1.21 Using cv.glm from boot

  • Note: If one does not use the K argument for the number of folds, gv.glm will compute LOOCV.
library(boot)
glm.fit <- glm(y ~ poly(x, 2, raw = TRUE), data = DF)
cv.err <- cv.glm(data = DF, glmfit = glm.fit)$delta[1]
cv.err
[1] 0.2682352

1.22 Your Turn

  • Compute \(\textrm{CV}_n\) for modf using cv.glm. Recall that modf was created from regressing hwfat onto abs and triceps.
# Your Code Here
glm.fit <- glm(hwfat ~ abs + triceps, data = HSWRESTLER)
#
#

1.23 Your Turn

  • Create a graph similar to the left side of Figure 5.4 on page 180 of James et al. (2013).
# Your Code Here
plot(1:10, type ="n", xlab = "Degree of Polynomial", ylim = c(16, 26), 
     ylab = "Mean Squared Prediction Error") 
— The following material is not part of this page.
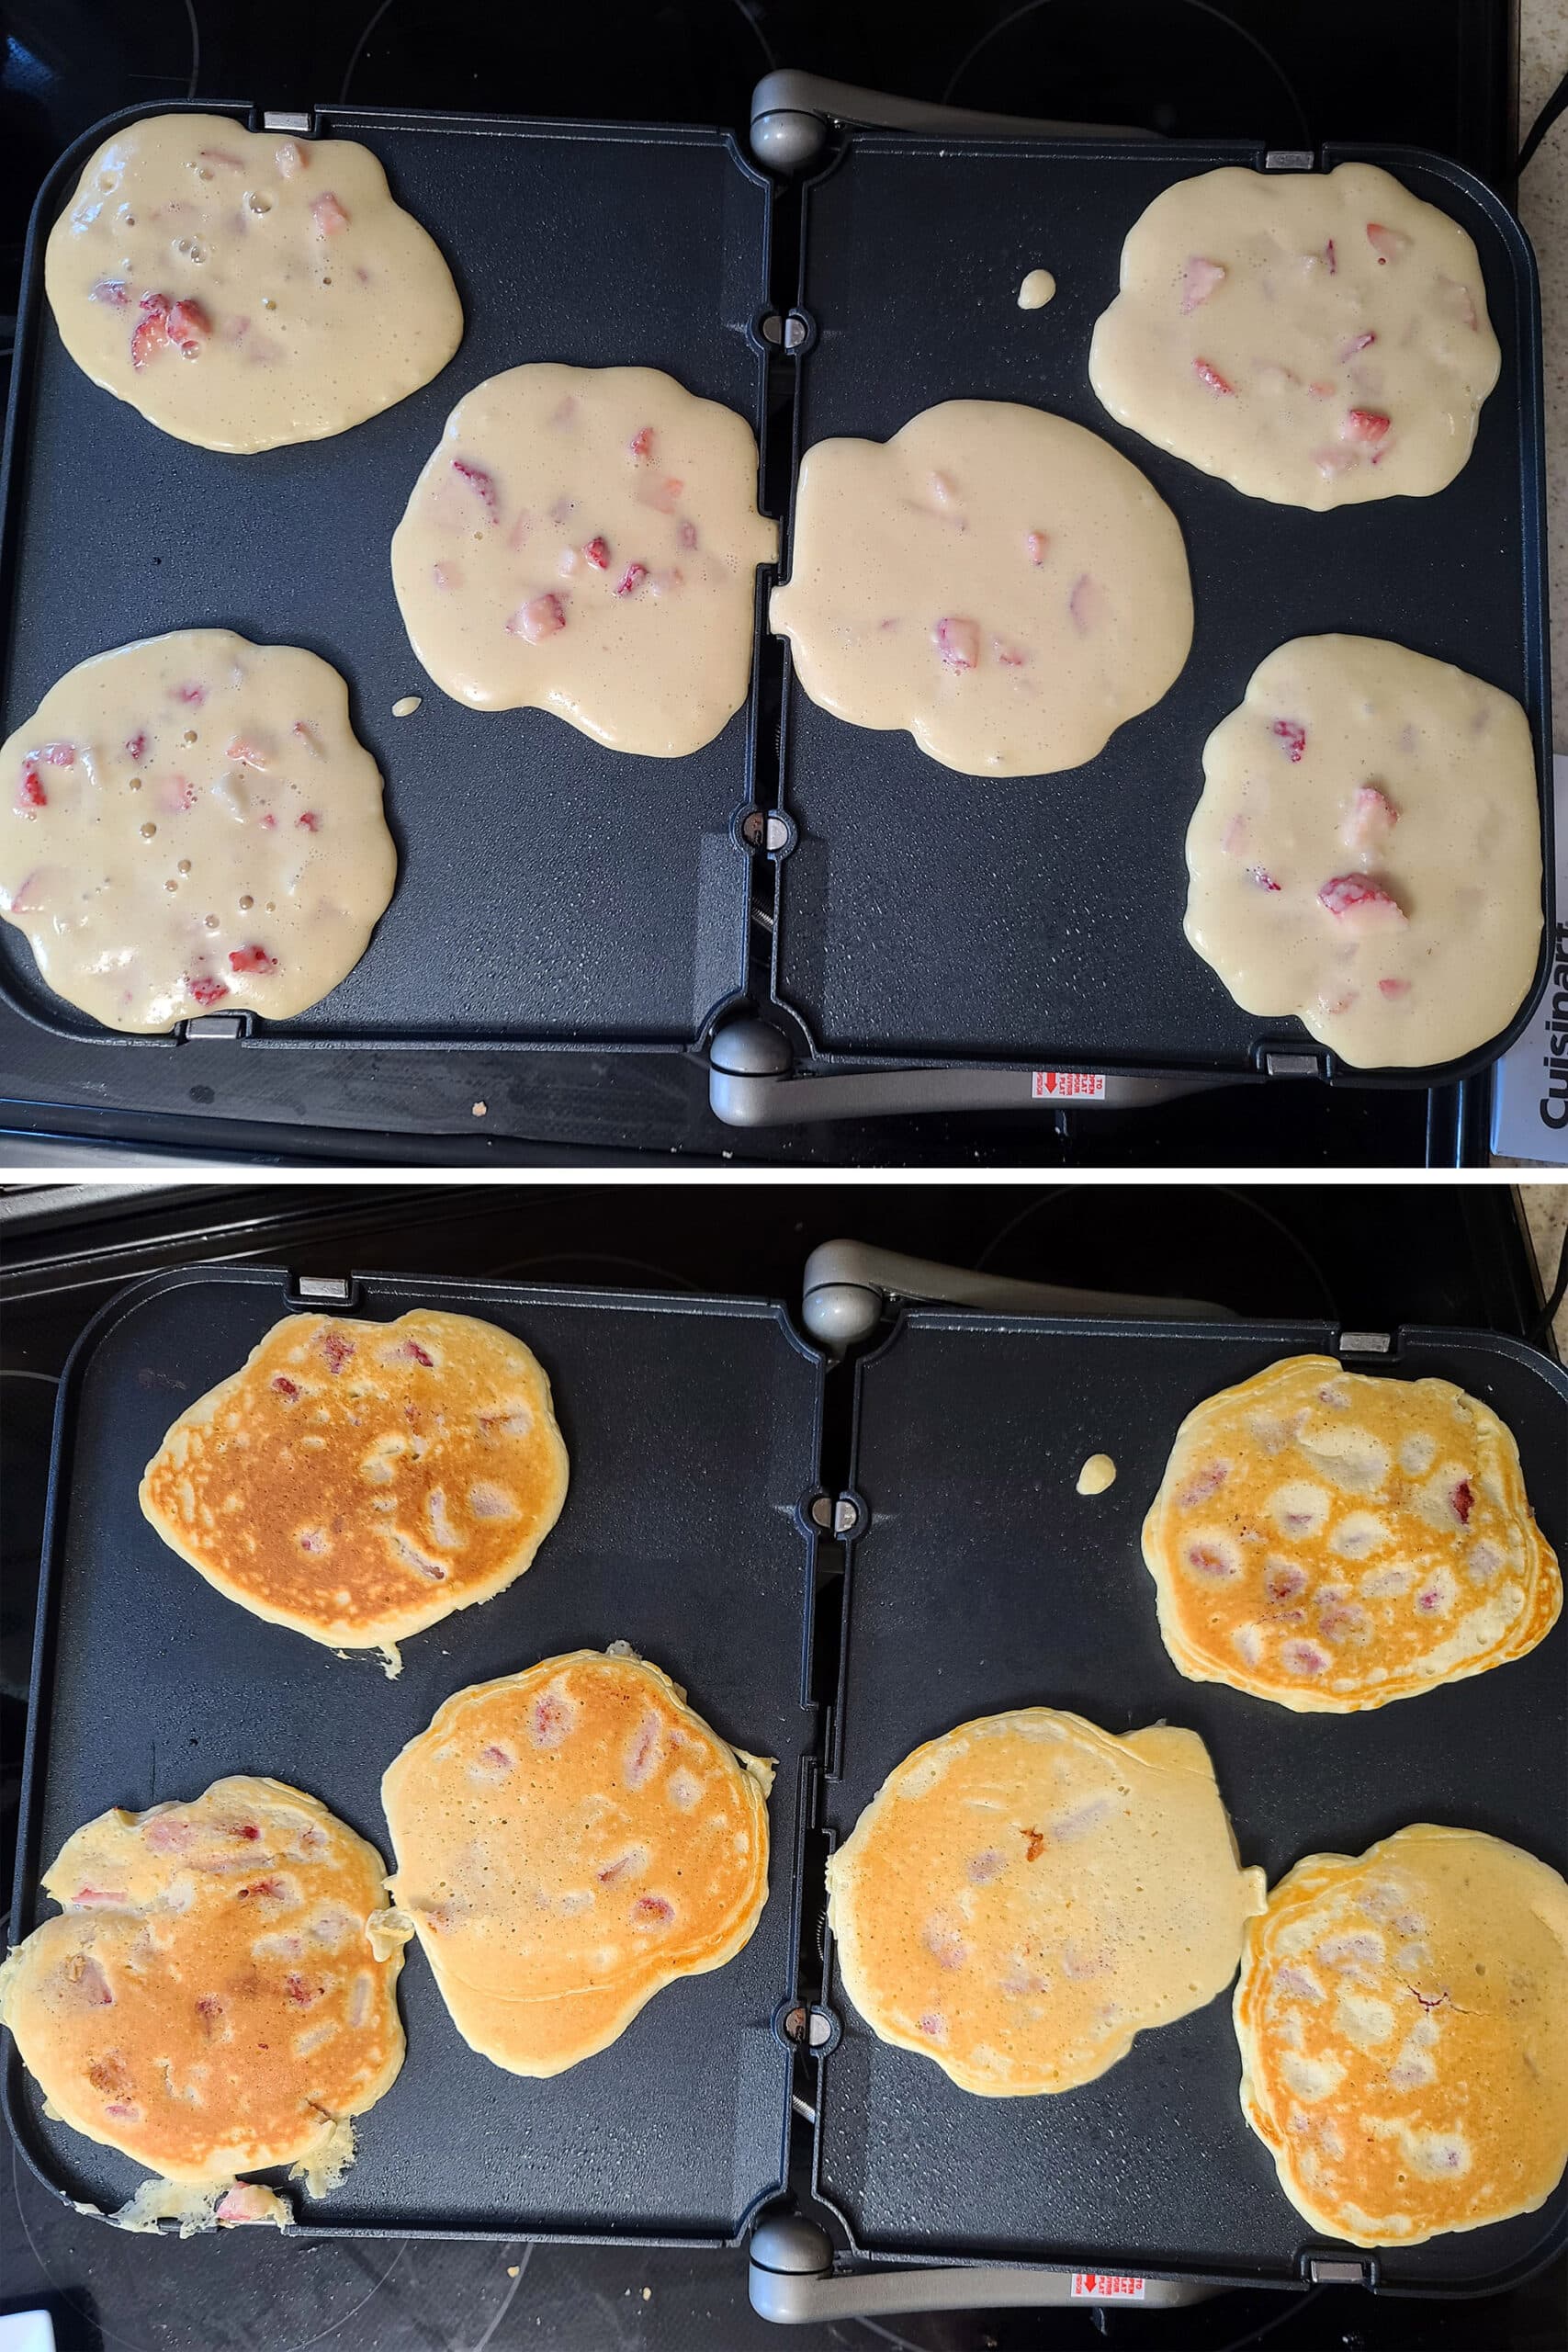 A 2 part image showing keto strawberry pancakes cooking on a griddle before and after the first flip.

k <- nrow(Auto) # number of folds
MSPE <- numeric(k)
cv <- numeric(10)
#
#
#
#
#
#
#
#
#
#
#
#

Using the short cut formula:

# Your Code Here
plot(1:10, type ="n", xlab = "Degree of Polynomial", ylim = c(16, 26), 
     ylab = "Mean Squared Prediction Error")

cv <- numeric(10)
#
#
#
#
#
#
#

References

James, Gareth, Daniela Witten, Trevor Hastie, and Robert Tibshirani, eds. 2013. An Introduction to Statistical Learning: With Applications in R. Springer Texts in Statistics 103. New York: Springer.
Ugarte, María Dolores, Ana F. Militino, and Alan T. Arnholt. 2016. Probability and Statistics with R. Second edition. Boca Raton: CRC Press, Taylor & Francis Group.